When I hear my local “fiscal conservative/social liberal” drive-time radio talk show hosts espouse the belief that the Constitution is malleable and left to be interpreted by the Supreme Court “for the times” and that the meaning of the Constitution changes with precedents set in Supreme Court decisions, I know we messed up somewhere.
It’s true that a lot people believe that. It’s also true that some Supreme Court Justices believe that (while others have not), as well as some constitutional scholars (while others have not) and many people who have served in government.
But, no matter how esteemed those are who believe it, the belief itself does not make it true. In order to prove their belief correct, they would need to produce evidence. Evidence would be specific passages from the Federalists papers or passages from the writings by the authors of the Constitution.
I agreed with the drive time radio hosts long ago in my life and I earned an A in my high school civics class.
But, on further reflection, that belief doesn’t make much sense.
Why separate government power into three branches — executive, law making (congress) and law enforcing (courts), but also give the law enforcing branch (courts) the power to make law (which is the power reserved for Congress)?
That’s the result of allowing courts to broadly “interpret the Constitution for times”. That doesn’t sound like a power separation to me.
This makes even less sense when you consider the authors of the Constitution put a specific representative process in place to amend the Constitution if need be: Article V: Amendment.
I recommend for anyone who agrees with my local drive time hosts to read this week’s column from Walter Williams, What Our Constitution Permits. Here’s an excerpt (emphasis added).

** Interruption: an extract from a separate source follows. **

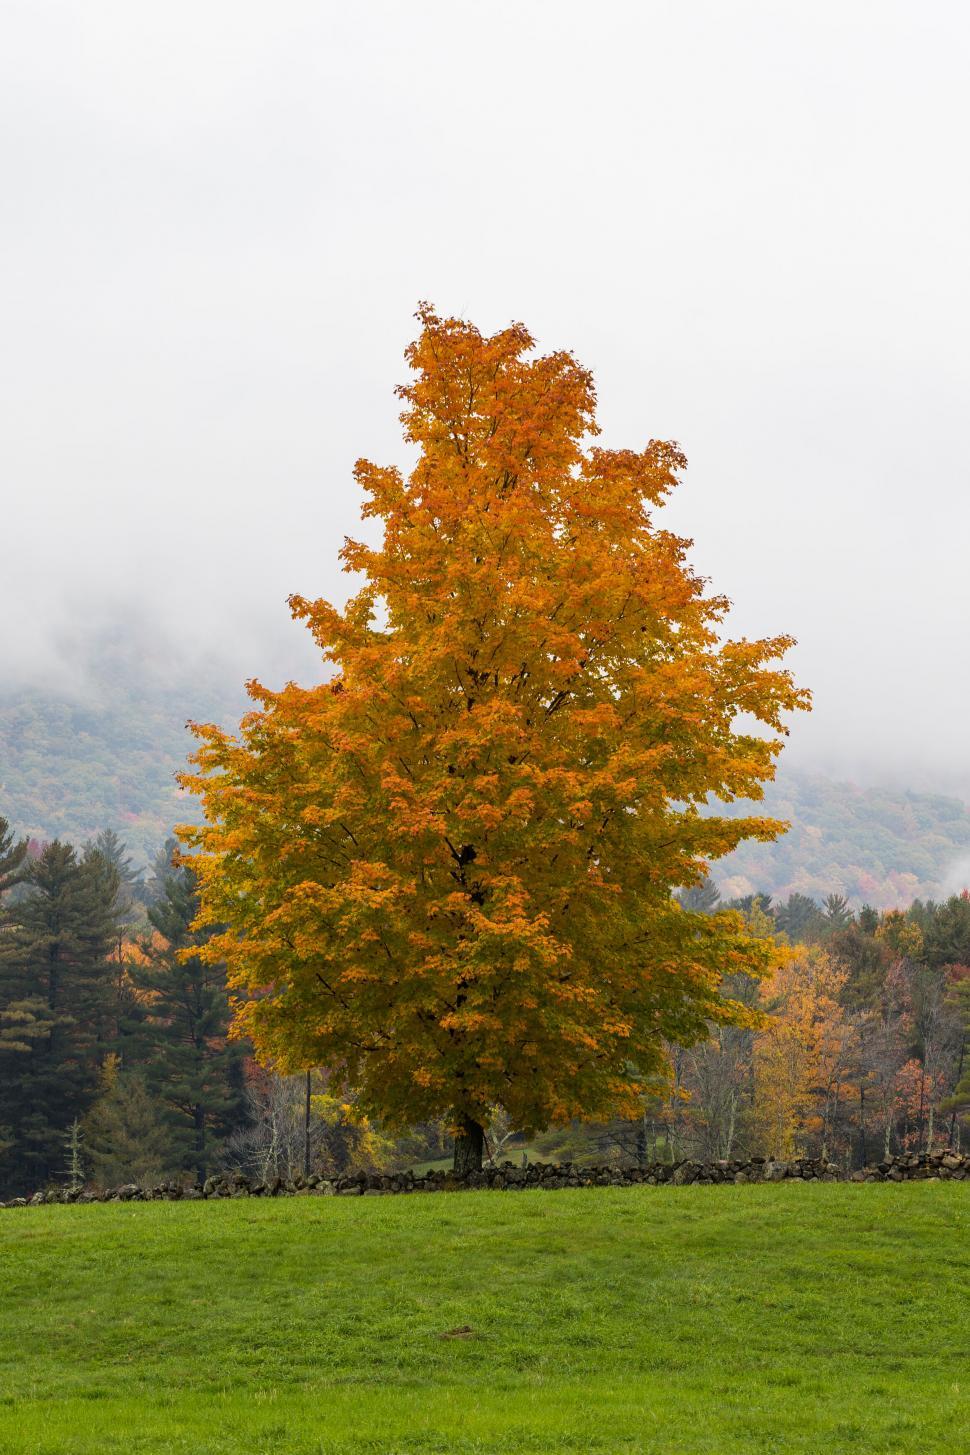 Free Image of Vibrant autumn foliage on a lone tree 
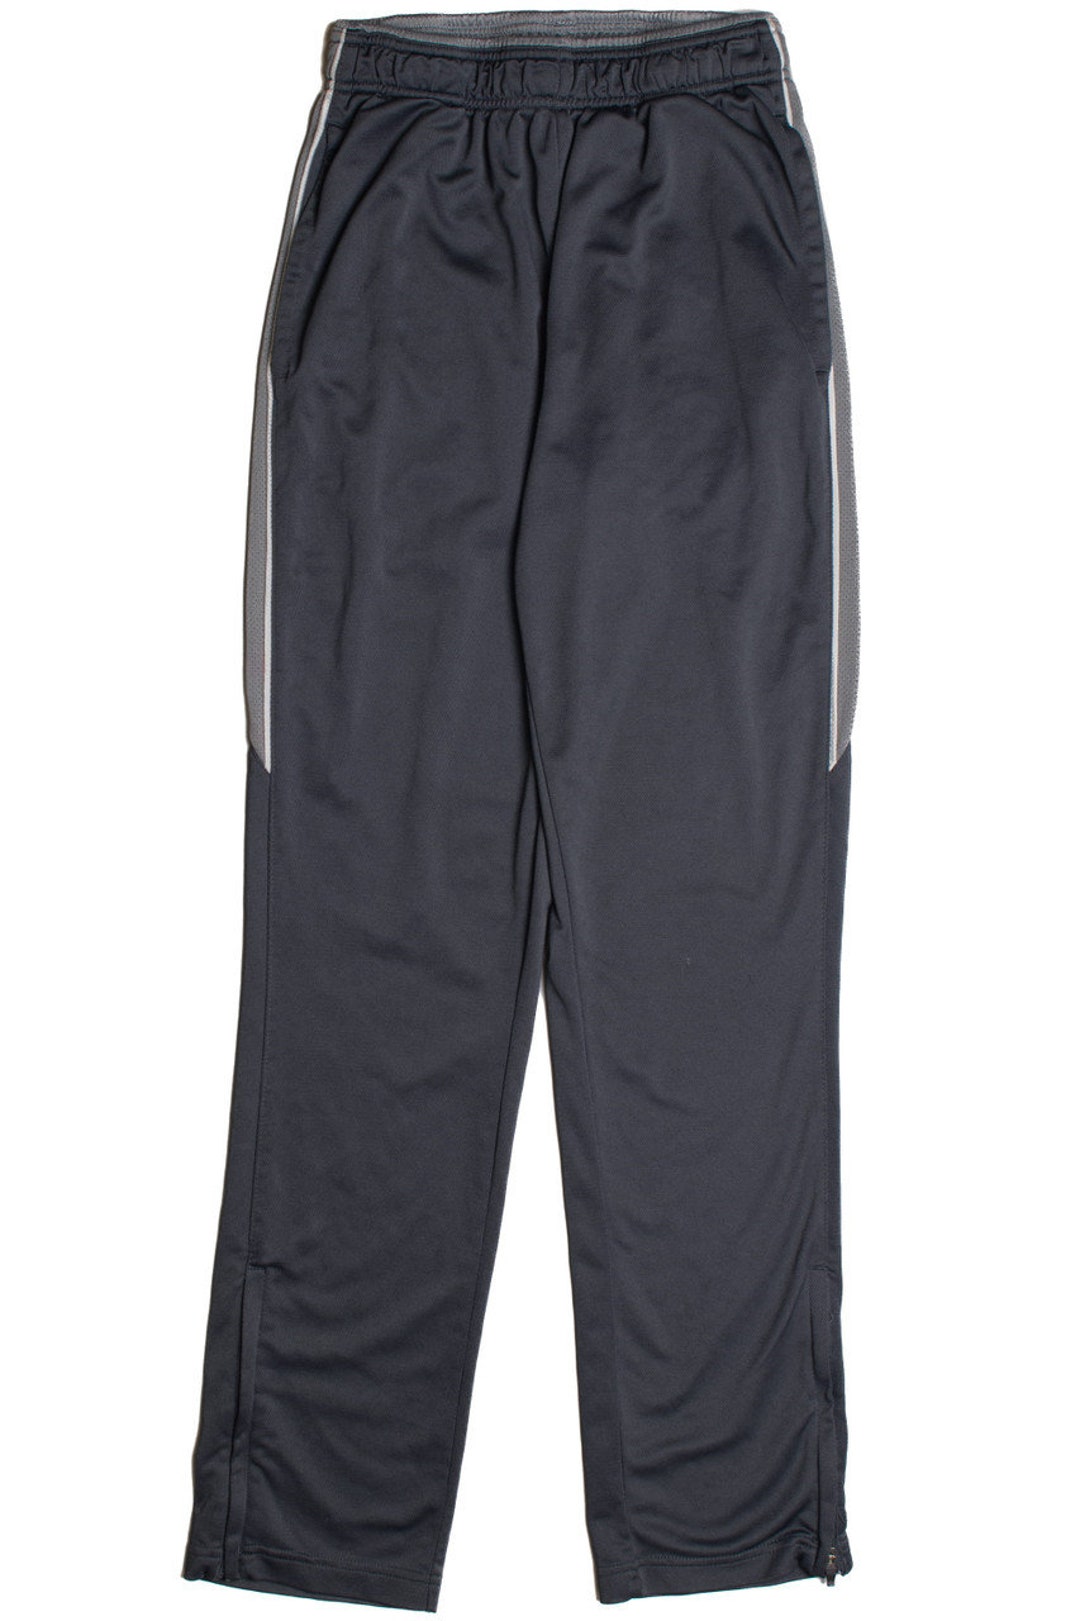 PUMA 530098-01 Iconic T7 Track Pants PT | Black Men's Athletic Pant | YOOX

You might think, for example, that there’s constitutional authority for Congress to spend for highway construction and bridges. President James Madison on March 3, 1817 vetoed a public works bill saying: “Having considered the bill this day presented to me entitled ‘An act to set apart and pledge certain funds for internal improvements,’ and which sets apart and pledges funds ‘for constructing roads and canals, and improving the navigation of water courses, in order to facilitate, promote, and give security to internal commerce among the several States, and to render more easy and less expensive the means and provisions for the common defense,’ I am constrained by the insuperable difficulty I feel in reconciling the bill with the Constitution of the United States and to return it with that objection to the House of Representatives, in which it originated.”
Madison, who is sometimes referred to as the father of our Constitution, added to his veto statement, “The legislative powers vested in Congress are specified and enumerated in the eighth section of the first article of the Constitution, and it does not appear that the power proposed to be exercised by the bill is among the enumerated powers.”
Here’s my question to any member of the House who might vote for funds for “constructing roads and canals, and improving the navigation of water courses”: Was Madison just plain constitutionally ignorant or has the Constitution been amended to permit such spending?
I’m adding Walter’s final question above to my list of questions the media should ask political candidates. They should also ask it of Supreme Court candidates as well.